2. The method for preparing Phellinus linteus fruiting body phenolic active substance as claimed in claim 1, wherein Phellinus linteus fruiting body in step (1) is oven dried, pulverized and sieved with 20-80 mesh sieve.

3. The method for preparing Phellinus linteus fruiting body phenolic active substance according to claim 1, wherein the acetone-ethanol mixture is added in step (1) to obtain solution V _{Acetone (II)} ：V _Ethanol ：V _{Water (W)} ＝(0.5～3)：(6～8)：1。

4. The method for preparing Phellinus linteus fruiting body phenolic active substance according to claim 3, wherein the acetone-ethanol mixture is added in step (1) to obtain solution V _{Acetone (II)} ：V _Ethanol ：V _{Water (W)} ＝(0.8～1.5)：(7～8)：1。

5. The method for preparing Phellinus linteus fruiting body phenolic active substance as claimed in claim 1, wherein V is in the mixture of ethyl acetate and n-butanol in step (2) _{Ethyl acetate} ：V _N-butanol ＝(5～30)：1。
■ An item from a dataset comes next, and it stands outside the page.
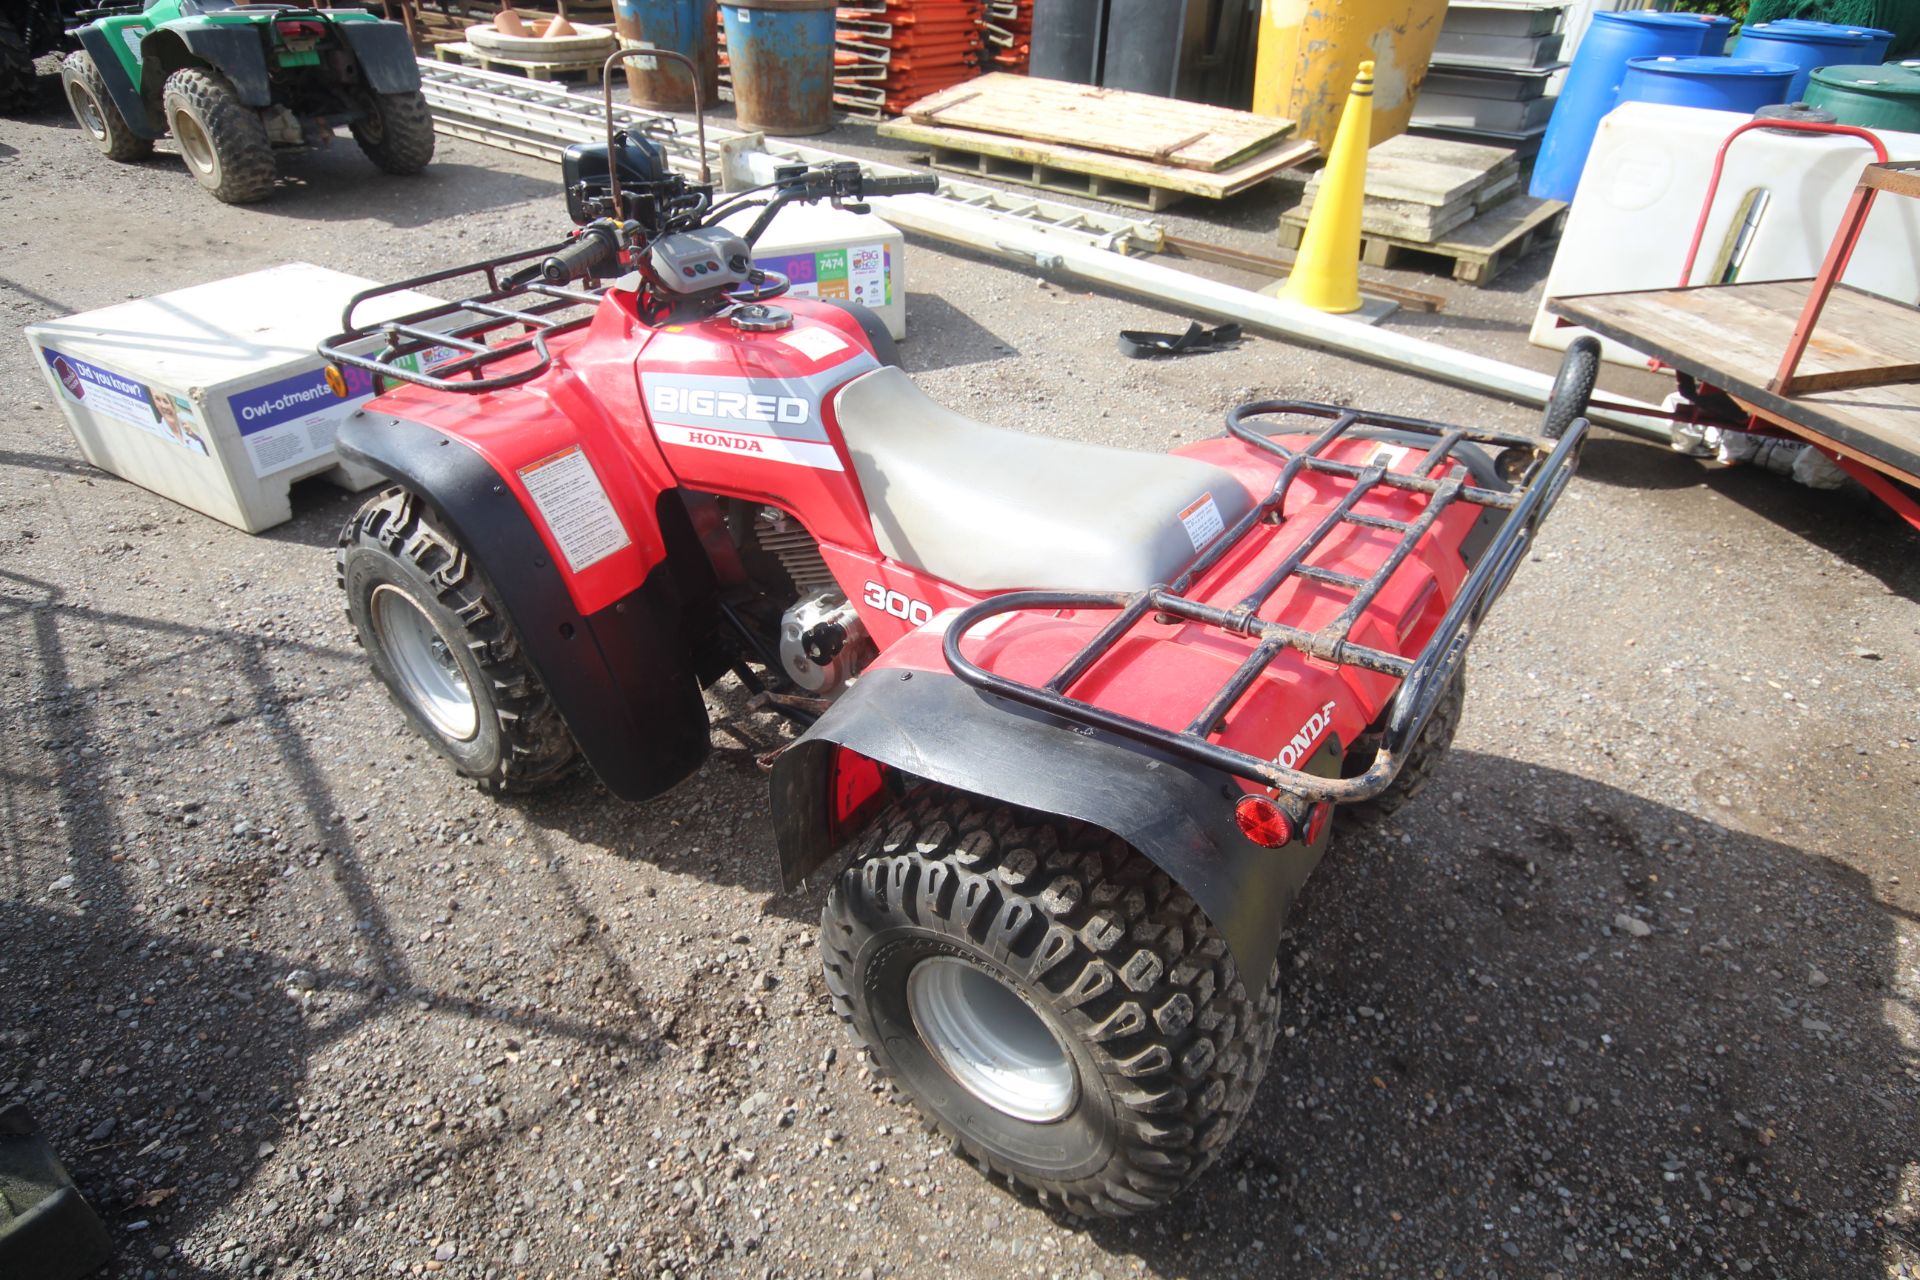 Honda Big Red 300 2WD quad bike. 1992. Owned from new. Key held. V - Image 3 of 24

6. The method for preparing Phellinus linteus fruiting body phenolic active substance as claimed in claim 5, wherein V is in the mixture of ethyl acetate and n-butanol in step (2) _{Ethyl acetate} ：V _N-butanol ＝(5～10)：1。

7. The method for preparing phenolic active substances from Phellinus linteus fruiting body according to claim 1, wherein the extraction in step (2) is performed by standing for 1-2 h each time.

8. The method for preparing Phellinus linteus fruiting body phenolic active substance according to claim 1, wherein the ultrafiltration membrane in step (3) has a specification of 10-20 kDa, a pressure of 0.2-0.4 MPa and a temperature of 25-30 ℃.

9. The use of phenolic active substances of phellinus linteus fruiting bodies obtained by the preparation method according to claim 1 in the preparation of drugs, foods or health products for regulating the structure of intestinal flora and/or regulating uric acid metabolism, wherein the regulation of the structure of intestinal flora is to selectively stimulate the growth of intestinal Muri (Muribacteae), Bacteroides (Bacteroides) and Lachnospiraceae (Lachnospiraceae) probiotics and reduce the abundance of Lactobacillus flora.

10. The use of claim 9, wherein said modulating uric acid metabolism is lowering serum creatinine, urea nitrogen and uric acid concentrations and increasing urinary creatinine, urea nitrogen and uric acid excretion.